Archiwum Polityki

Premiera z premierem

Krakowski Salon „Polityki” po przerwie wznowił działalność, tym razem w słynnej Piwnicy pod Baranami (zespół Piwnicy jest współorganizatorem spotkań). Pierwszym gościem w piątek 27 stycznia był premier Kazimierz Marcinkiewicz. Najpopularniejszy obecnie polski polityk.
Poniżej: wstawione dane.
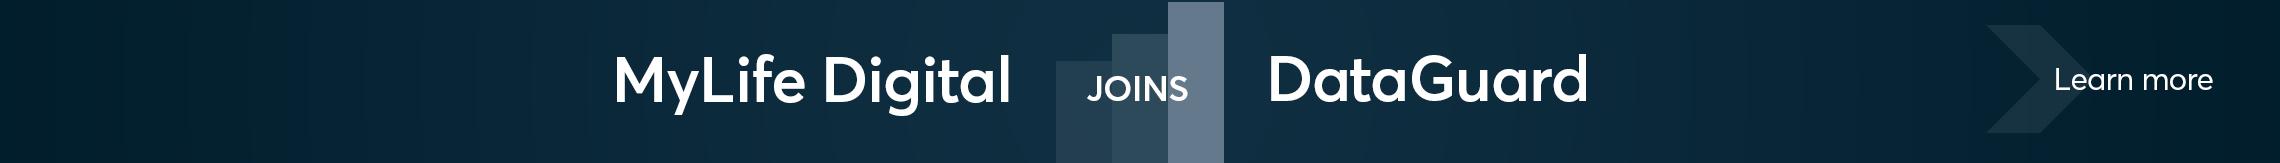 MyLifeDigital Joins DataGuard

W gorącym czasie politycznym, tuż po słynnych nocnych sejmowych obradach, kiedy to wybierano rzecznika praw obywatelskich i członków KRRiTV, gdy przerwano wszelkie rozmowy na temat ewentualnej koalicji, premier zadziwiał wręcz spokojem, odpowiadając na pytania o przyszłość swojego rządu i jego politykę. Spotkanie można uznać za początek podsumowywania 100 pierwszych dni tego gabinetu (100 dni minie 8 lutego). Kazimierz Marcinkiewicza mówił m.in.:

O swojej popularności

Ta sytuacja także dla mnie jest zadziwiająca. Nie mam poczucia, bym robił coś szczególnego. Po prostu prowadzę sprawy rządu, z jednej strony realizując program, z drugiej utrzymując stały kontakt z ludźmi. Obiecałem sobie, że wszystkie decyzje muszą zapadać w kontakcie z ludźmi. Działam w polityce od wielu lat, wiele widziałem i zauważałem, że bardzo łatwo przychodzi taki moment, że władza, ministrowie, inni wysocy urzędnicy odrywają się od spraw ludzi, nie tłumaczą swoich decyzji, a wtedy szybko pojawia się to rozróżnienie: my–oni. Postanowiłem, że nie będę należał do owych „onych” i dlatego będę się spotykał z ludźmi, zarówno w noclegowniach dla ubogich, jak i z profesurą uniwersytetów. Apeluję też do wszystkich, z którymi się spotykam, w tym do mediów: mówcie prawdę, kontrolujcie nas na każdym kroku, abyśmy nie porzucili swego programu.

O wyborach

Mój rząd ma program na cztery lata i wszystkie sprawy prowadzimy w takiej właśnie perspektywie. 29 grudnia, po przegranych głosowaniach, uświadomiliśmy sobie, że musimy jednak podjąć starania, aby stworzyć zaplecze dla mniejszościowego rządu. Te starania trwają i opozycja najwyraźniej ich nerwowo nie wytrzymuje. Sytuacja wyjaśni się w ciągu tygodnia, najwyżej dwóch: albo zawiąże się koalicja, albo będą wybory. Stworzyliśmy dobry rząd, mamy świetnych ministrów i znakomity program, a więc trudno zrozumieć, dlaczego jacyś politycy opozycji nie chcą nas wesprzeć.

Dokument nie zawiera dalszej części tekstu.